Seeing coverage of the apparently unhurried steps towards Labour party members having a say in future leadership bids made me want to stop and ask some questions about whether they are telling the full story:
1) Will members have the same say as MPs? And who were the “Senior members” said there was some concern that giving too much weight to the membership vote over the caucus vote? Isn’t the point that MPs are accountable to the
membership? If you think of the caucus as being like the employees and the membership is the Board, then employees don’t get to choose the CEO – in a grown up world you work with who you need to. And if the membership choose
someone presumably they are doing it for a good reason? Could it be that there are some MPs who think there is something to fear from that extra level of accountability to the party grassroots?
2) Will the proportion of the leadership vote assigned to affiliates be shrunk by those within caucus who distrust the union movement? Once again what do MPs fear? This is the Labour party, grounded in the Labour relations movement isn’t it?
3) What will happen to the automatic 2013 vote (year ahead of an election)? Surely this would be the perfect opportunity for the membership and affiliates to illustrate their support for the leader for whom they will be volunteering their time to help elect in 2014? And given that this whole undertaking is designed to empower the party membership then why would you try and sidestep the rules before the ink is dry?
4) How is the winnder in each category determined? Winner takes all? Proportional? We all recognise how the ‘first past the post’ approach establishes bias in the system – that’s why we have MMP!
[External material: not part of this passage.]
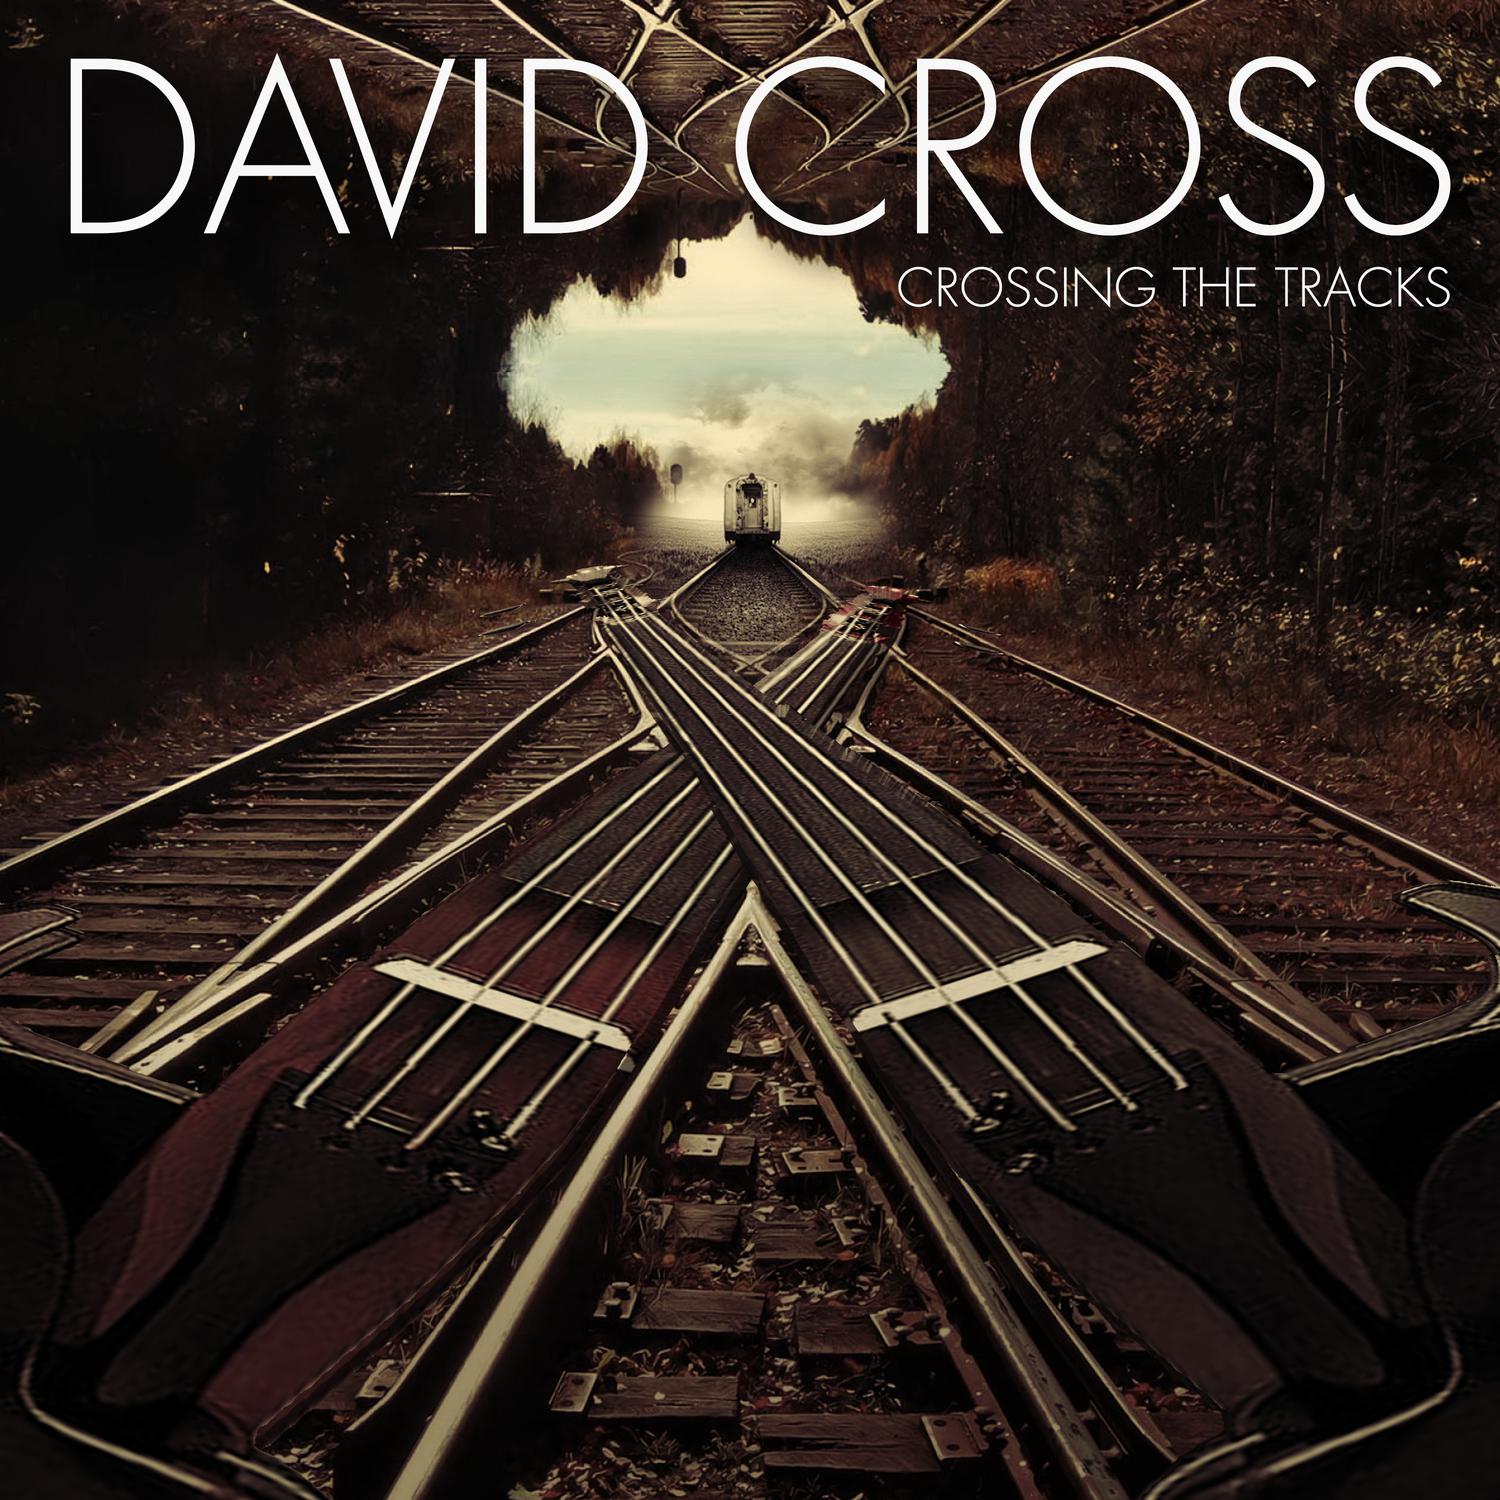 David Cross - The Light Inside Me (feat. Kimberly Freeman)

5) Finally, while I applaud caucus and the party for bringing this to the table they can’t afford to do it in a way that is less than meaningful. Besides, what are caucus afraid of? If all is going well who would want to challenge and open themselves to the sort of scrutiny that brings – especially as they would have to justify their decision to the membership, and the wider public, if things are out in the open. Having chosen to open this topic caucus cannot afford to sell the members short. Who is the winner if the party tears itself apart over this? Short term it may be those within the caucus who are resistant to change, but the long term answer would be National, as they’d retain the Treasury benches for some time to come.